Wednesday, May 20, 2020 @ 3:30pm ET
This week on Data for the People, postdocs Chloe Pasin and Sinead Morris will talk about how scientists are applying hypothetical modeling and math to predict what can happen when social distancing rules are lifted at different time points, and using different strategies. More specifically, they will present a case study from The Lancet published on March 25, 2020 that applied a specific model to predict what would happen in Wuhan, China under different scenarios of social mixing (i.e. when and how the population stops social distancing).
About our D4P Fellows:
Chloé Pasin, PhD (she/her), Postdoc @ Columbia University University
Chloé is a postdoctoral research scientist at Columbia University. She has a background in mathematics and is now trying to answer concrete clinical questions in infectious disease by using biostatistics and mathematical models. She loves the collaborative aspects of her work, as it brings together people with different background and expertise (immunologists, infectious disease specialists, mathematicians…). She grew up in Toulouse, South West of France and lived in different places (Paris, Bordeaux, Australia, Seattle WA) before moving to NYC. She is currently staying home with her partner and his cat, cooking a lot and practicing more yoga!

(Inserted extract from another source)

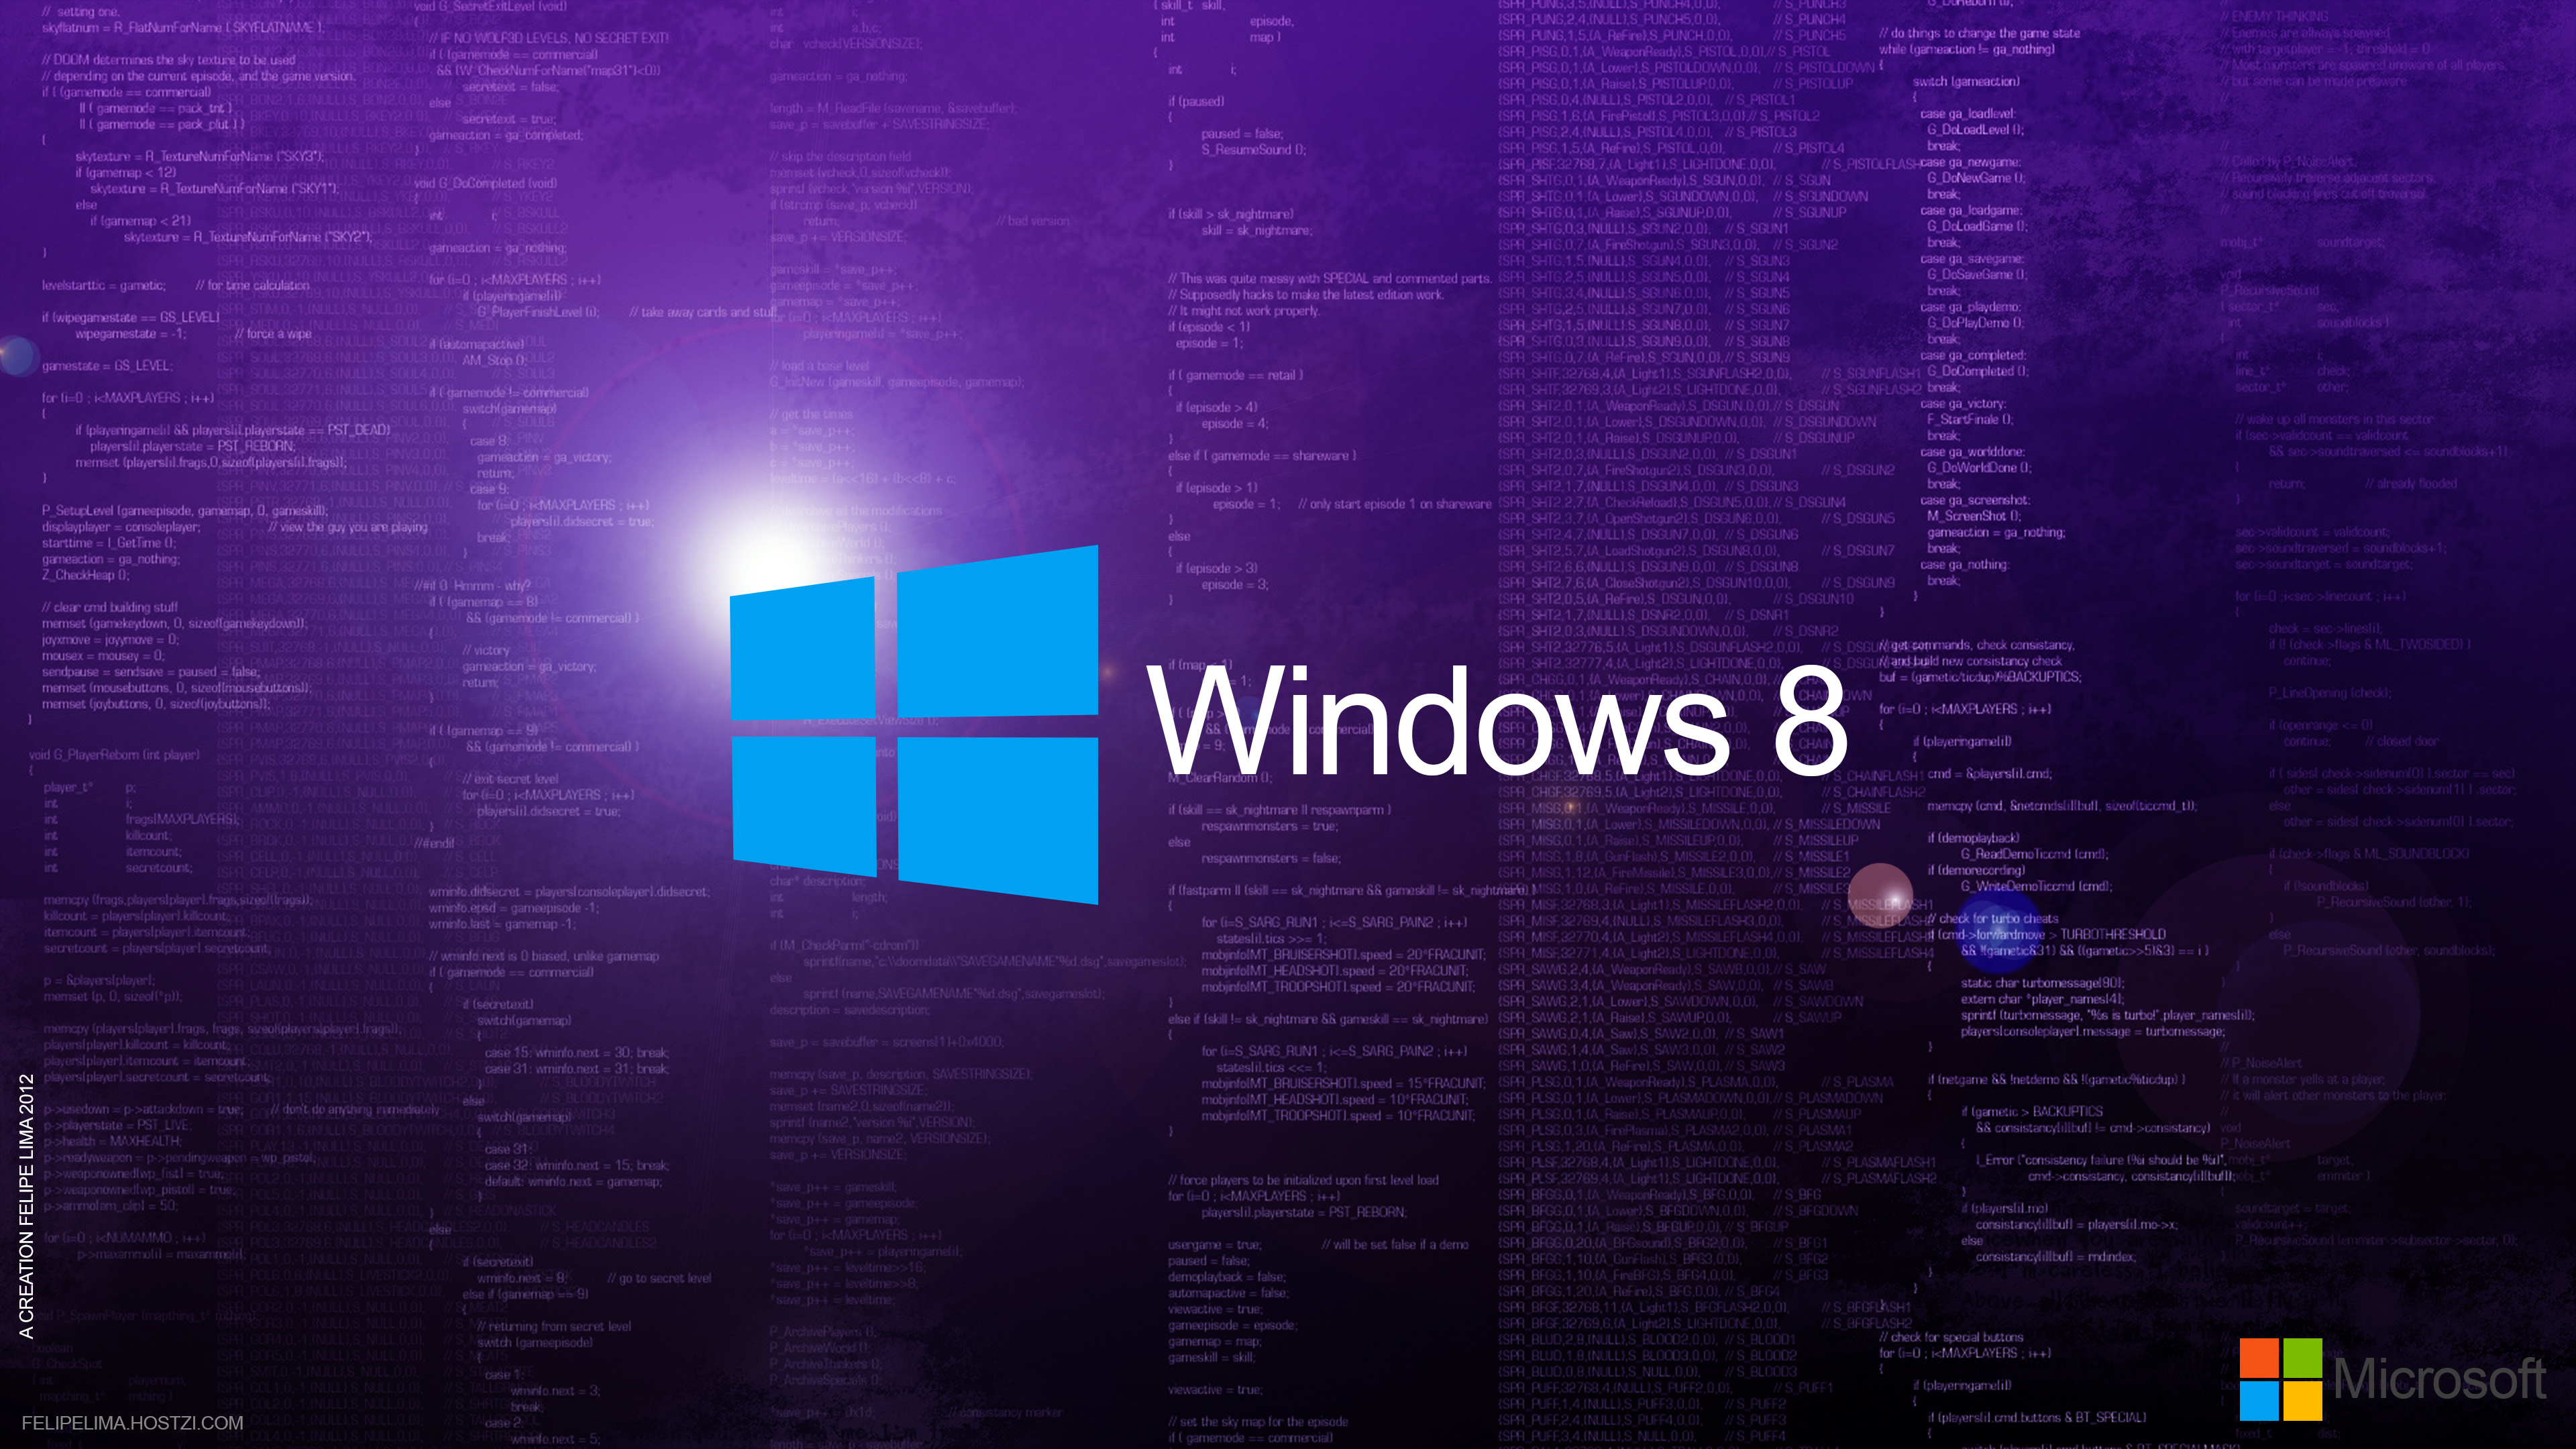 Windows 8 006 Logo

Sinead Morris, PhD (she/her), Postdoc @ Columbia University University
Sinead is a postdoctoral research scientist at Columbia University. She uses mathematical models to understand how our immune systems respond to infectious diseases such as HIV and the flu. She grew up in Glasgow, Scotland, before moving to the US in 2013 to start her PhD. It was here that she first developed an interest in using maths to understand how viruses spread through populations, and how best to control them. She is currently sheltering at home with her boyfriend and their dog, Dixie, and in her spare time is rediscovering her love of drawing.